GPT 3, ChatGPT, Bing, Bard
Despite transformer models being known for several years, it wasn’t until the events of late 2022 that they caught the attention of a wider audience. They became more accessible and helpful for ordinary people and found their way into the discussions of tech enthusiasts and journalists everywhere.
In November 2022, the big reveal was ChatGPT, which became a real game-changer in the world of generative AI. It started with the GPT-3 model and later upgraded to GPT-4, opening up an interface for casual conversations with AI, capable of understanding context and responding to user queries. OpenAI’s masterpiece offered unprecedented quality, making conversations with AI feel completely natural with logical, grammatically correct, and contextually fitting responses.
Though the GPT-3 model itself was known since mid-2020, it was ChatGPT in the form of an AI chatbot that captured the world’s attention. Large language models were primarily used by specialists before, but with ChatGPT, anyone could witness their capabilities and start implementing them in their daily applications.
For many of us ChatGPT outperformed search engines, presenting information in a user-friendly way. However, its limitation lay in the temporal knowledge availability, as it could only access information up until 2021. Despite occasional drawbacks like sporadic incorrect or off-topic responses, OpenAI’s application rapidly gained popularity, becoming one of the fastest-growing apps in history. Even colossal platforms like Instagram, TikTok, or Twitter could only dream of achieving the staggering milestone of 100 million users within just a few months after its debut.
The tremendous success of ChatGPT brought AI and OpenAI to the forefront of virtually every internet user’s awareness. This popularity inevitably led many companies to consider using AI in their products, especially pondering the use of models crafted by OpenAI. Without a doubt, OpenAI isn’t the sole beneficiary of this triumph; their primary investor, Microsoft, also has reason to celebrate. Their collaboration with OpenAI began in 2016 and over the years, they invested more resources, becoming the sole cloud service provider for OpenAI’s solutions, compelling interested users to utilize the Azure platform. Simultaneously, Microsoft’s vast hardware resources provided the necessary computational power required for training such advanced models.
One of the most buzz-worthy projects arising from OpenAI and Microsoft’s collaboration was the enhancement of the Bing search engine. They combined OpenAI’s models with internet information analysis and search capabilities, allowing Bing to address the data availability challenge faced by ChatGPT, making use of related information tied to user searches.

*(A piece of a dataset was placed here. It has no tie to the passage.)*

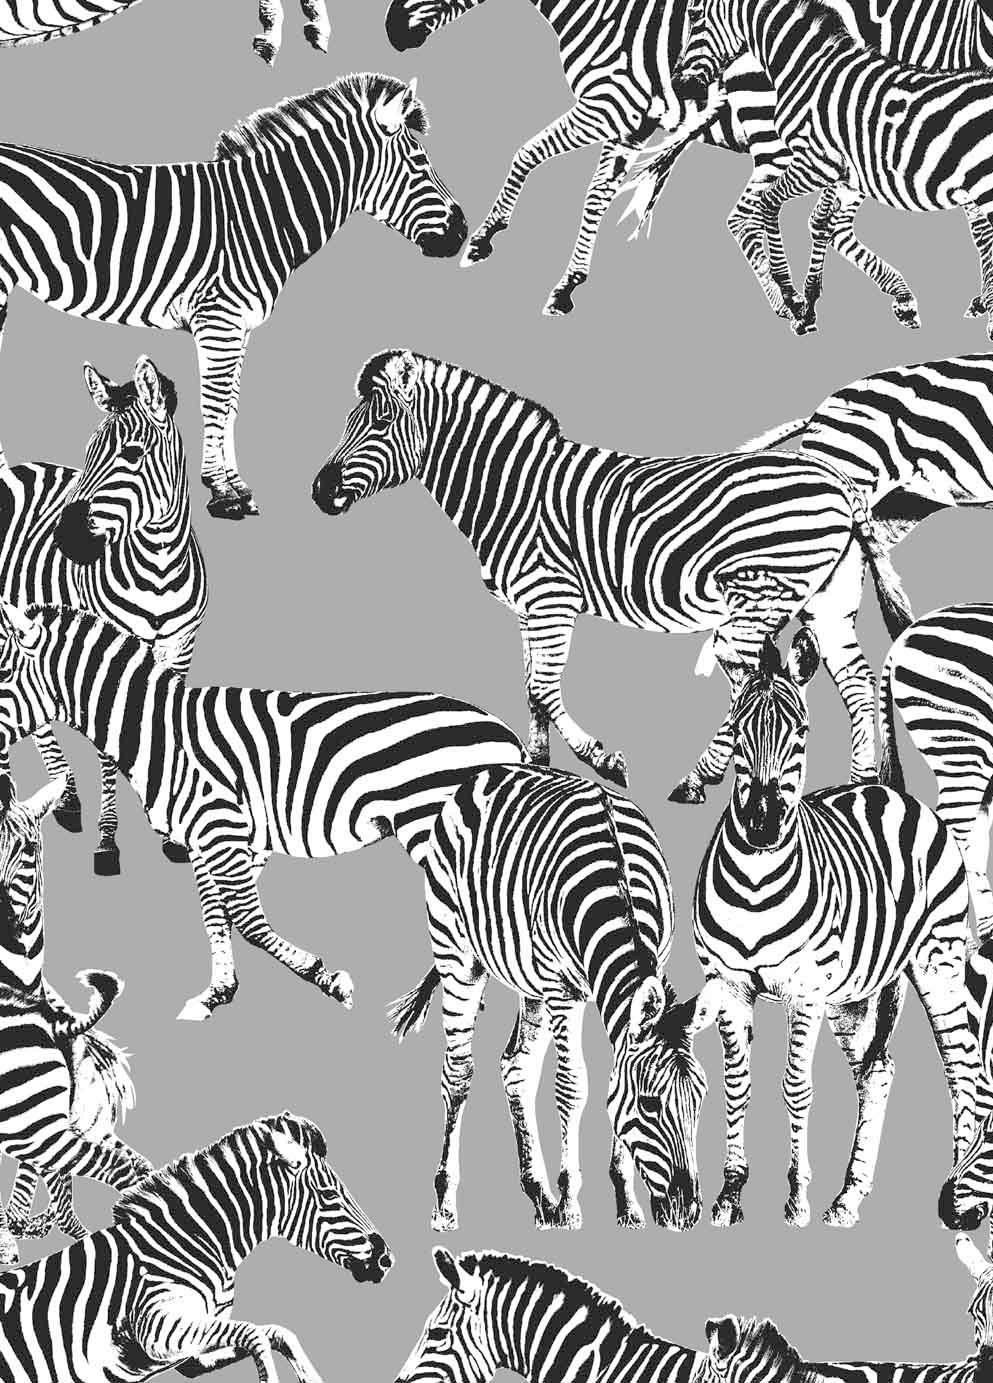 Vilber Zebras Mid Grey Wallpaper Main Image Zebra Wallpaper Animal Print Wallpaper Zebras

Shortly after implementing the new version of Bing, Microsoft achieved 100 million active daily users. Although it wasn’t a massive number compared to Google’s rival search engine, it turned Bing into an attractive alternative for users.

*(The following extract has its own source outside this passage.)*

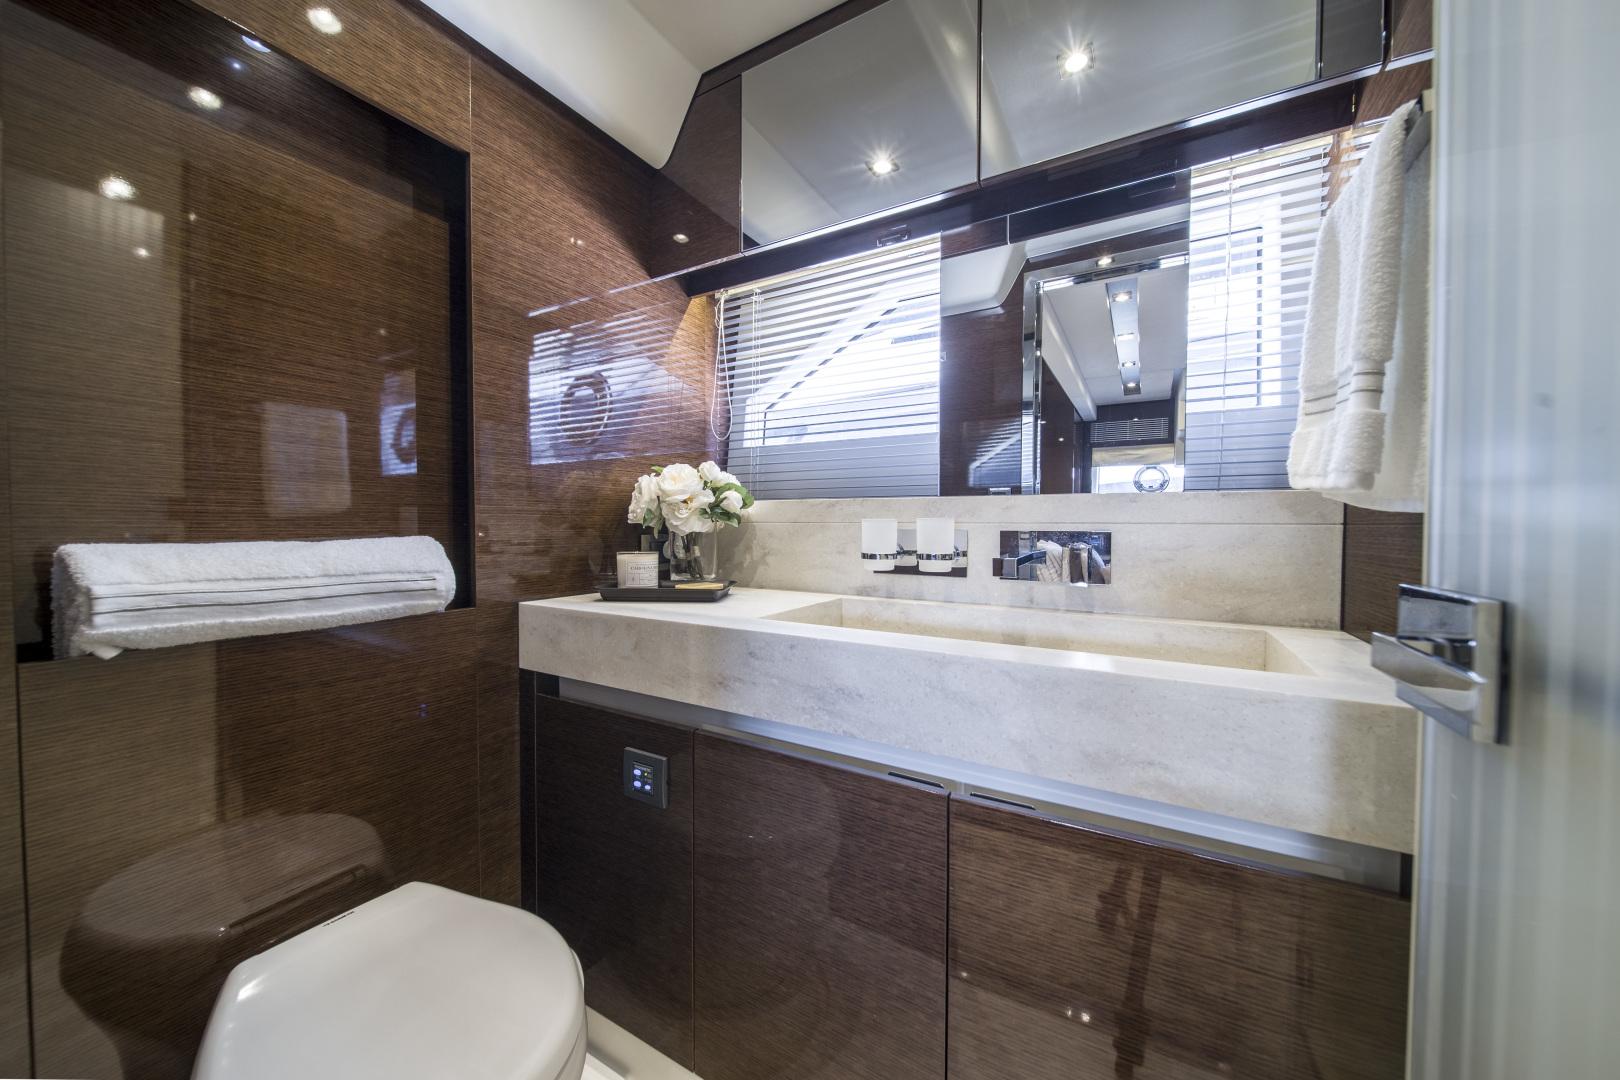 Prestige-680 Flybridge 2018-Seduction Sarasota-Florida-United States-2018 68 Prestige 680 Flybridge  VIP Stateroom Head-1498937 | Thumbnail

As a response to the competitor’s innovations, Google presented its own product: Bard. It’s based on the LaMDA language model for dialogue applications, announced a couple of years ago. However, it still remains limited and unavailable in many countries, and it relies on a lighter version of the LaMDA model, causing its capabilities to fall short compared to the competition, which didn’t escape the notice of many users.

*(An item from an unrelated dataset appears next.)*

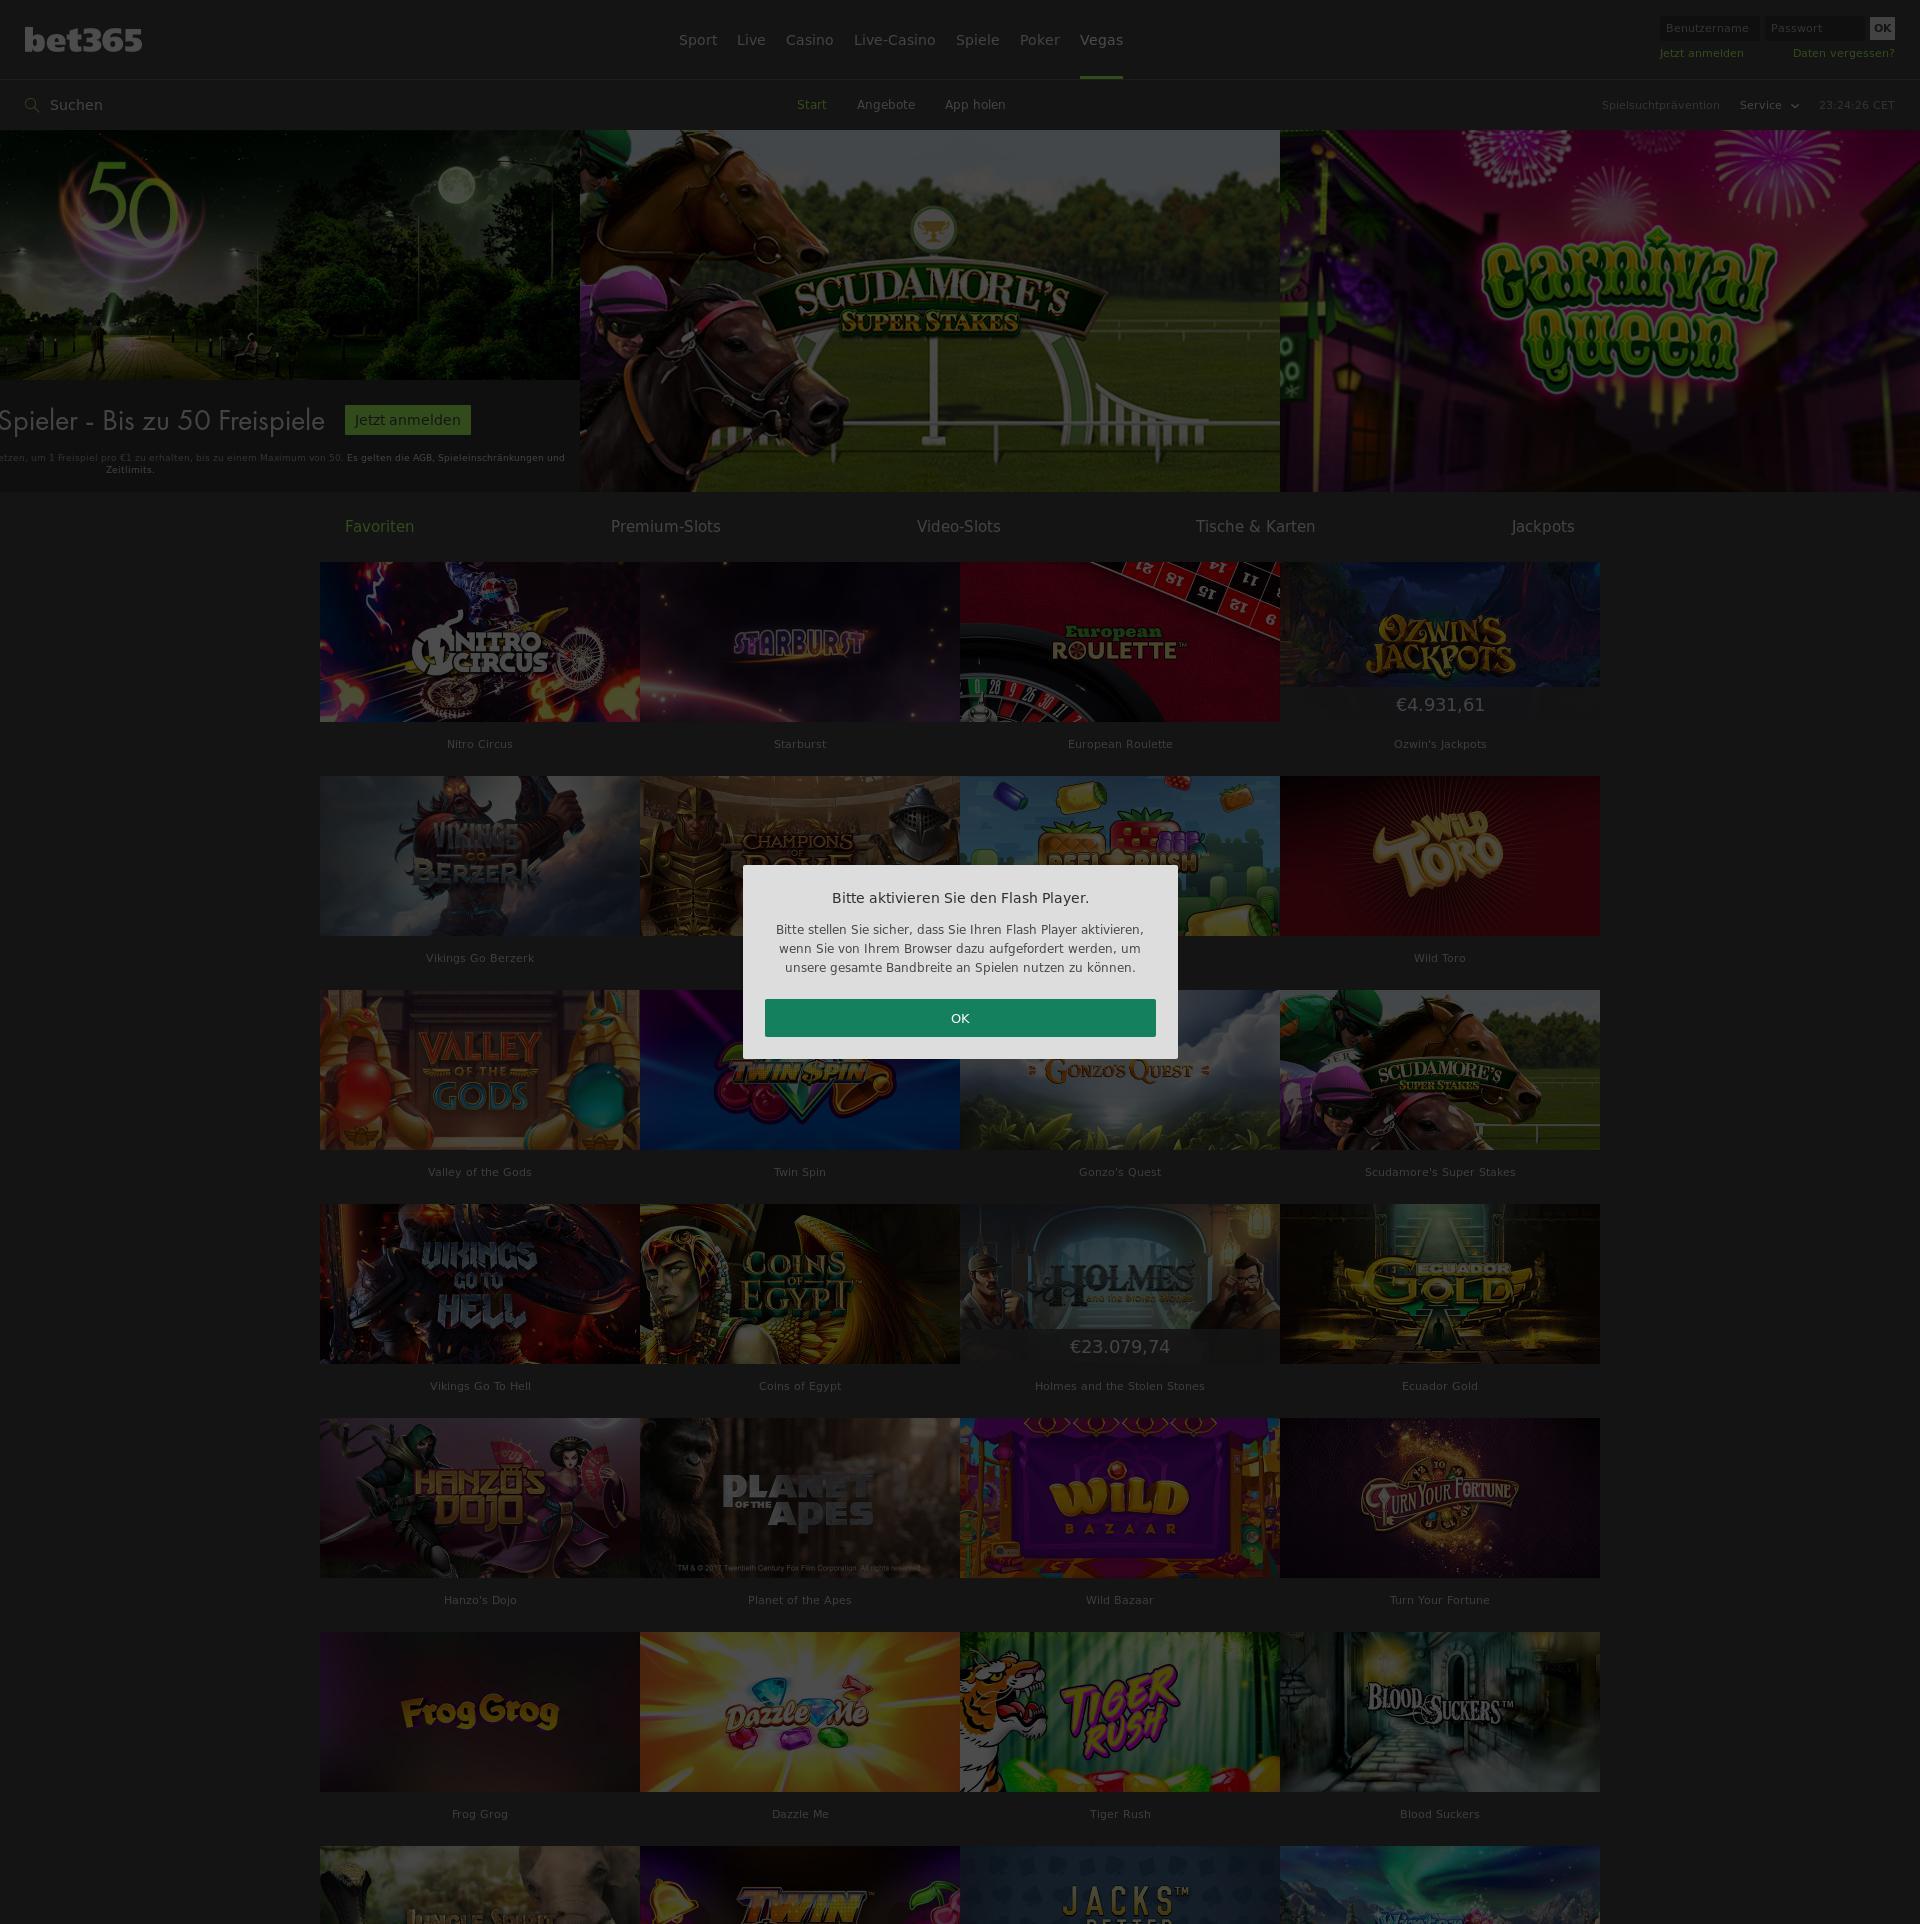 hight resolution of casino screen lobby 2019 04 03 for united kingdom

AI solutions entering our everyday life
Before the sudden surge in popularity of AI-based solutions, end-users were generally unaware of their interactions with such technology. It mostly operated in the background, providing better user experiences with various products. However, as large language models gained popularity, awareness of AI’s presence in our lives grew. People realized the immense capabilities it possesses and that anyone can harness it to improve their work, enhance productivity, or simply find more satisfaction in their daily tasks.
Google Trends – AI
In recent months, there has been a significant increase in interest in AI, as shown by the Google Trends chart above, displaying the rising number of searches related to AI. Alongside the increased interest in AI itself, curiosity about its applications emerged. Students and learners quickly found support in OpenAI’s product for homework and task-solving. Programmers started using it as a tool to assist their work by asking questions or generating code snippets, while content creators found it helpful for creating and editing texts. Besides text-based models, there were also solutions capable of generating images, music, and videos. This AI boom led to the natural question on everyone’s minds: “Will AI take our jobs?” The impressive capabilities presented by these solutions sparked concerns that AI might replace humans in many domains.
However, a closer examination of how these products work revealed that they are far from capable of replacing humans. For example, AI-generated articles often deviate from the truth, contain grammatical errors, and cite non-existent sources due to their relatively limited training data. Models like GPT and their counterparts in the competition are susceptible to hallucinations, producing text fragments unrelated to context or factual sources. These mistakes are easily detectable by humans, and it doesn’t help that the models can be overconfident in their incorrect outputs. Such situations have a significantly negative impact on user perception, trust, and the credibility of these AI models.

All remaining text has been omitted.